Perhaps both approaches are sucking (or are WetWare mismatches). I didn't intend to write so much about it, but for reasons that escape me it's not sinking in with you. I at least attempt to model the processes of concern via reading and writing of a reference data structure (XML). One can see the data structure being analyzed via pointers showing what the model interpreter is "looking at" during a given step and/or changing the structure in a similar fashion. I don't know how to be any more explicit than that without writing a per-language or per-op interpreter that uses the reference structure. Would doing such be helpful?

That's what my WetWare likes to see: a reference representative data structure using familiar industry data structure idioms, such as XML or SQL, and step-by-step rules for how and when these change. The "home" of state information and the relationship to other state information is clearer that way because it's using known industry-standard sub-parts. Your use of English as a substitute confounds the hell out of me and appears inconsistent with other writers of typeness.

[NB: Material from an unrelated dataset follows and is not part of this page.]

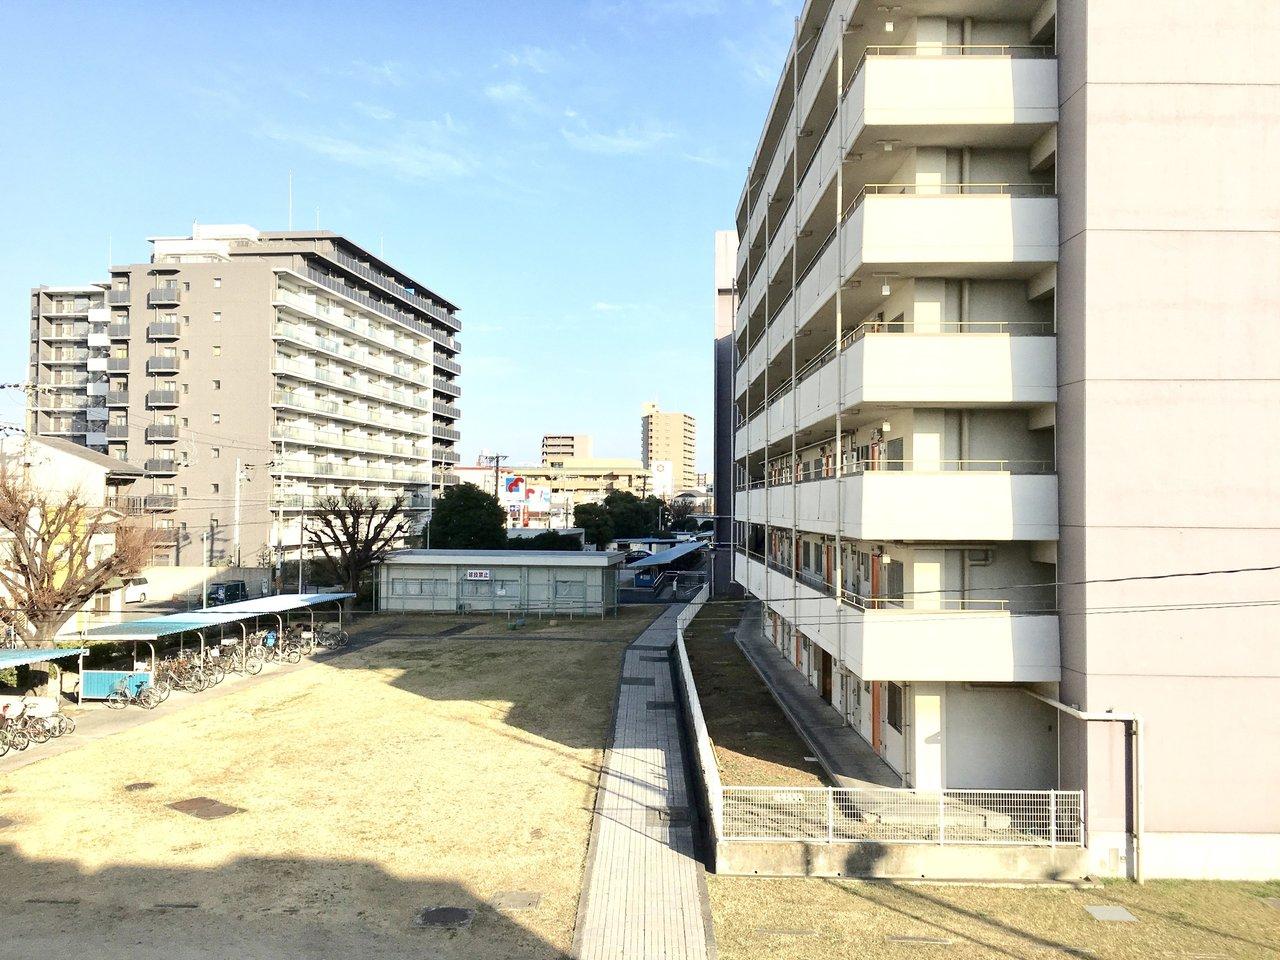 関目高殿駅から徒歩9分。梅田・天王寺までは乗り換えなしでアクセスが可能。さらになんばまでは約25分で行けます。都心に通う社会人の方におすすめしたいお部屋です。大通りから少し路地に入ると閑静な住宅街が広がっています。学校が多いのでファミリー層も多く 治安のいい街なんです。

{Why it's not sinking in with us is quite clear. It's not sinking in because you won't tell us the important parts. E.g. the rules for setting up your model from a given language. Without those, we can't know how to map the language parts to your model's parts. You appear to have some rules since you've indicated indirectly that certain mappings aren't correct, but I have no idea what those might be. (Especially since those mappings still preserved the relationship between source, input, and output.)}

I cannot offer concrete rules, only suggested patterns of exploration such as "here are some things to try", because every language is different. If a newly-encountered language fits common and known patterns, then the suggestions will be of immediate help. No model can anticipate all possible languages. Sherlocking around will sometimes be necessary. This is back to the Trek planet analysis analogy. Thus, are you asking for concrete rules, or are suggested tests okay with you? If the second, most of them have already been given or are obvious extensions (such as testing more than just numbers and strings if a lang offers them). I agree they could be cleaned up and organized better, but you've already seen most of it multiple times but didn't seem moved by such the first, second, third, etc. time such that I doubt repetition number 4+ will be the magic repetition number.

A model has clearly-defined and identified parts and precisely articulated rules for how they are put together and how they relate to the real world being modelled. If you "cannot offer concrete rules, only suggested patterns of exploration", then what you have is a guide for exploring some aspects of a language. That's fine, and perhaps useful for studying language behaviour, but it's not a model.

Re: "(Especially since those mappings still preserved the relationship between source, input, and output.)" -- Please elaborate.

{It means that given the same code and input, I was able to produce an alternative mapping to the parts of your model that didn't break any of your stated rules and produced the same output as your model. (It did however result in the opposite conclusion.)}

I don't know what you are talking about.

{It's where you complained about shoving the quotes up the value on TypeSystemCategoriesInImperativeLanguagesTwo.}

Again, I was talking about parsing in an informal way there. Also, quotes are not part of the value: you put non-value parts in the value, making "value" lie. Stated another way, in the tag model you don't put declaration quotes (delimiters) in the value. If you want to make an alternative model where you do, be my guest.

{Like I said. You appear to have some rules for how to map the language to your model. Otherwise, how would you tell if the value is "lying"? And how would you handle the language described there where the quotes show up in the output if you concatenate in a different manner, if you don't put the declaration quotes in the value?}

Please illustrate with some pseudo-code.

{You haven't answered the questions yet. How can I illustrate it?}

I meant "concatenate in a different manner".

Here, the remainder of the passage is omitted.